Nota sobre argumentos de Elie Wiesel e de Rui Barbosa.

  

O Brasil de Bolsonaro foi assim, o Brasil de Lula 3 está sendo assim, o Brasil de muita gente, provavelmente a maioria, e com ela também a maioria do chamado “Sul Global”, uma entidade diáfana, inventada por acadêmicos e gente bem pensante (mas que formalmente não existe), todo esse povo, oficialmente ou apenas declaradamente, sem qualquer outra explicação mais explícita, é objetivamente, abertamente ou implicitamente NEUTRO em relação à guerra de agressão da Rússia contra a Ucrânia, evitando fornecer armas e outros materiais bélicos para um ou outro lado daquilo que eles chamam de “conflito”, ou apenas “guerra” da ou na Ucrânia (uma expressão banida na Rússia de Putin, podendo render vários anos de prisão para quem assim se referir ao que o tirano de Moscou apenas chama de “operação militar especial”), mas aproveitando para continuar a manter relações comerciais e outras, com uma ou outra parte no “conflito”, o que ocasionalmente pode render algum lucro ou vantagem temporária na “contenda”, algum desconto na aquisição, grandes lucros na revenda de materiais com valor de mercado, embora continuando a apregoar a sua “neutralidade” em relação ao “conflito” em si.

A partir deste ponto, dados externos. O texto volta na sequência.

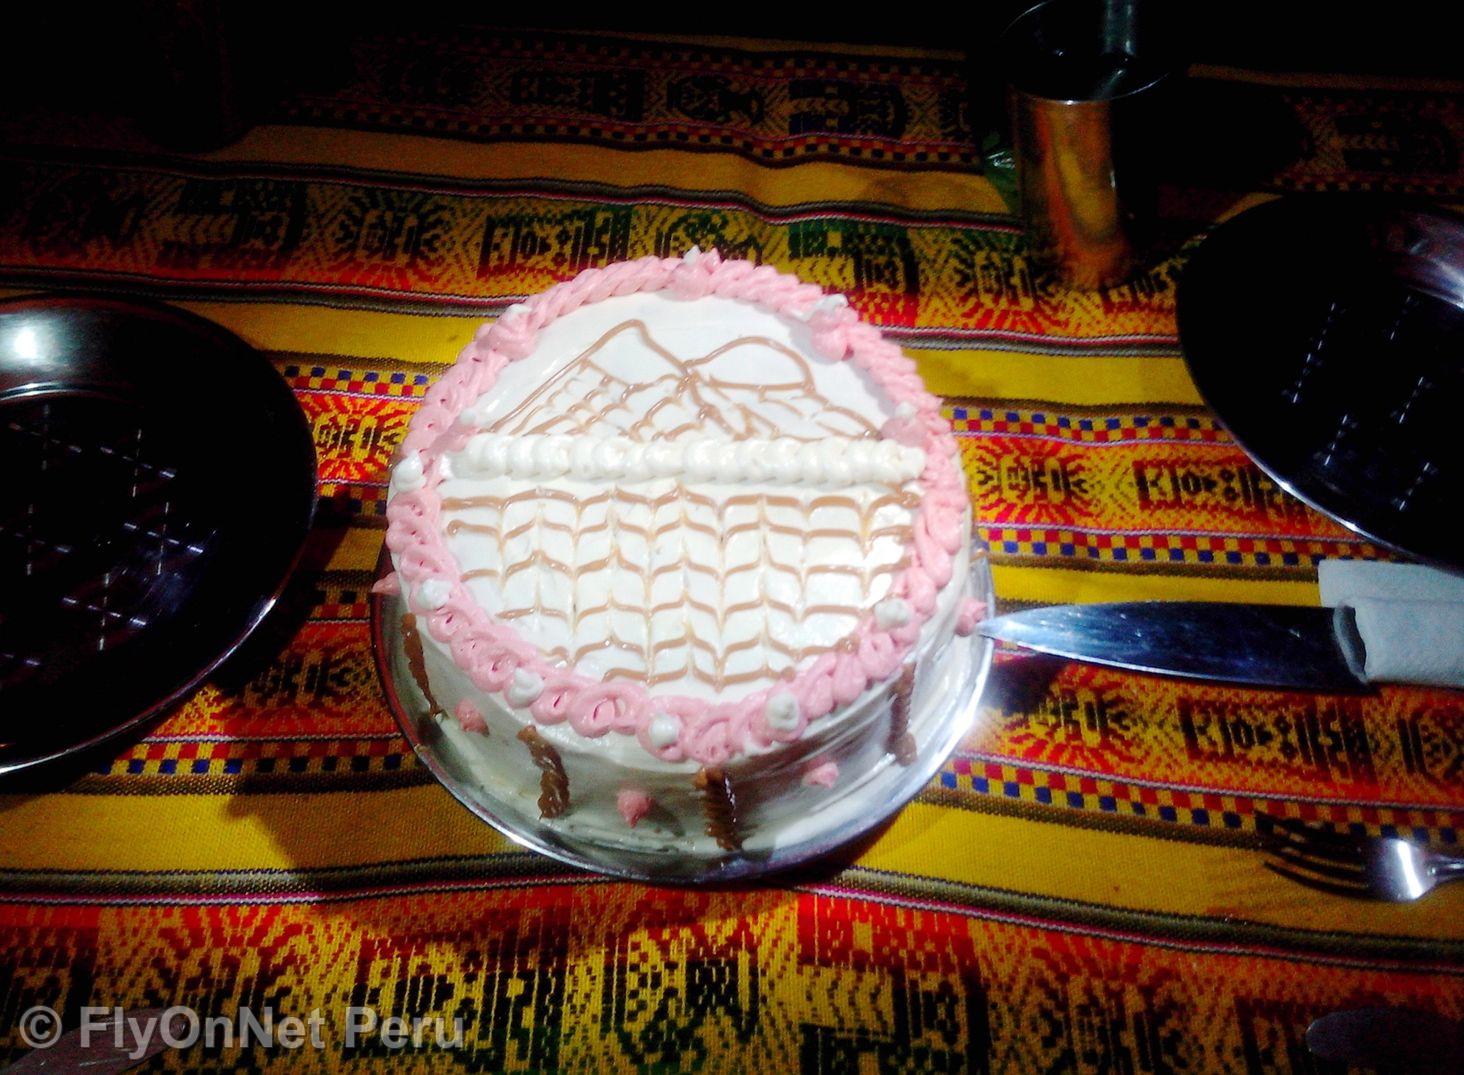 Álbum de fotos: Torta de cumpleaños durante el trek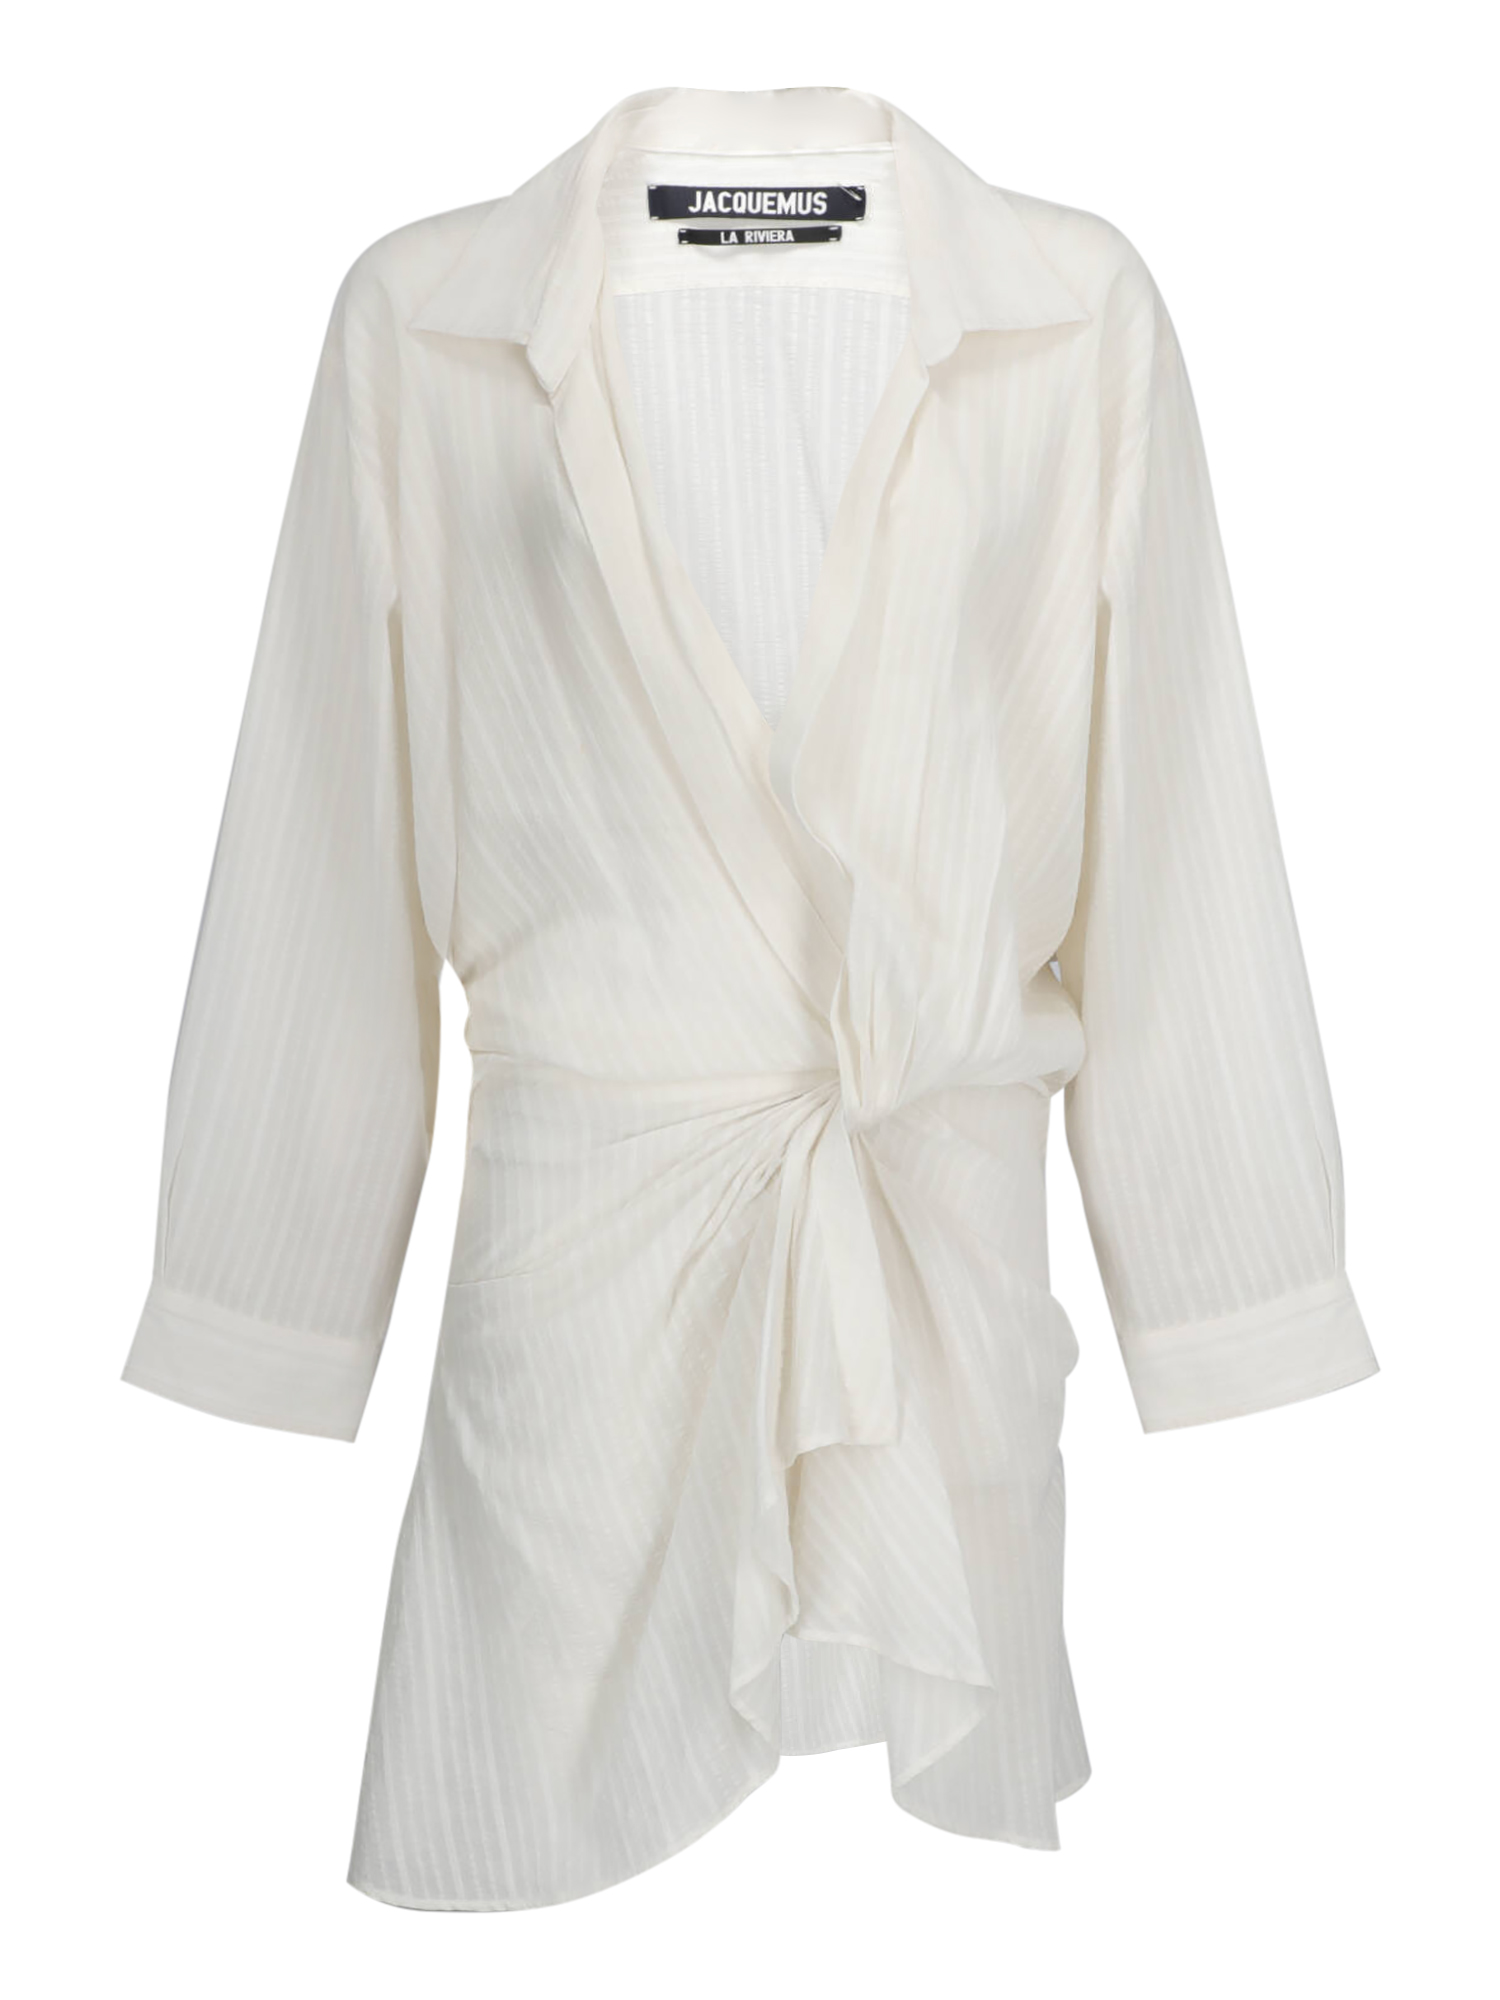 Robes Pour Femme - Jacquemus - En Cotton White - Taille:  -

Pois bem, não preciso me referir novamente ao famoso discurso feito em Buenos Aires pelo eminente jurista, politico e intelectual brasileiro Rui Barbosa, por ocasião do primeiro centenário da independência argentina, em 1916, quando, ao mencionar a invasão da Bélgica neutra pelas tropas do Império alemão no curso da Grande Guerra, ele proclamou solenemente que não se pode ser neutro entre a Justiça e o crime, ante a injustiça, a violência e a opressão, entre um opressor e o oprimido, e que não há imparcialidade possível nessas circunstâncias.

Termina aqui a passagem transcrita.